The Metin Göktepe Journalism Awards was established in April, 1998 in honor of daily Evrensel correspondent Metin Göktepe who was brutally killed under police custody. The awards are given to journalists who uphold the integrity of the profession by standing up to pressure and obstacles.

==Awards==

===2012===
Jury was composed of Belma Akçura, Nazım Alpman, Celal Başlangıç, Nail Güreli, Banu Güven, Fikret İlkiz, Kamil Tekin Sürek, Ahmet Şık, Nedim Şener, Ece Temelkuran and Ragıp Zarakolu.

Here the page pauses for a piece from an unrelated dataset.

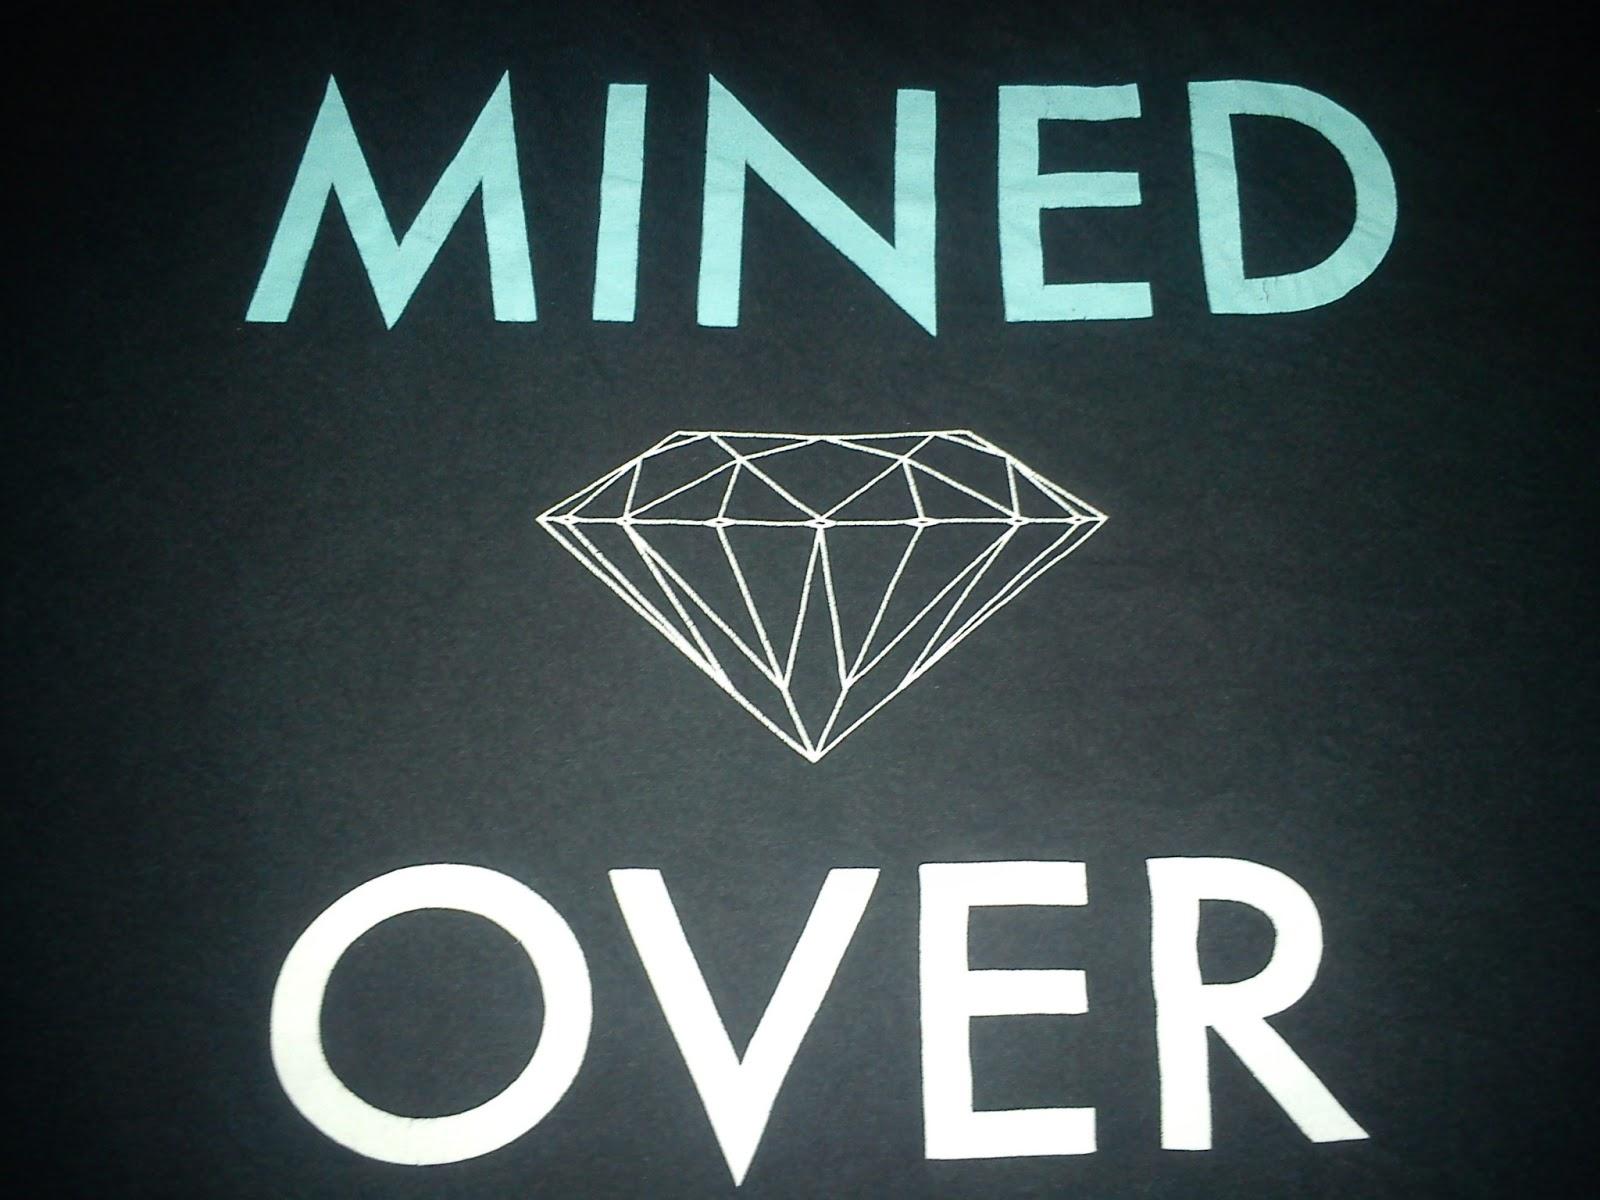 diamond logo wallpaper - photo #29

After the ceremony, a birthday cake was cut in memory of the 44th anniversary of Metin Göktepe.
- Jury Honour Award
  Imprisoned Dicle News Agency journalist Zeynep Kuray for her article "Kadınlar Vardır, Hapiste Kadınlar" on sexual abuse in Pozantı Prison on BirGün
- Newspaper
  Zeynep Kuriş, Dicle News Agency Mersin Correspondent
- Television
  Ali Burak Ersemiz, Deniz Pirinççiler
- Special Jury Award
  shared by:
 Bilge Eser for her article "Silahı Çevirip Tetiğe Bastı" on the suspicious death of private Sevag Şahin Balıkçı on Sabah
Mesut Hasan Benli for his article "Aklından Bile Geçirme" on Radikal
Elif Görgü for her article "Bir Bardak Su" on Evrensel
Mete Çubukçu for Pasaport: Second Tahrir Uprising on NTV
- Photography Award
  Selahattin Sönmez for " Sakın Konuşma" on Hürriyet Daily News.
- Local Media Award
  Nabız Journal (Rize, Turkey)

===2015===
- Written Journalism
  Zehra Doğan for her work on a series of articles about Yazidi women escaping from ISIS captivity.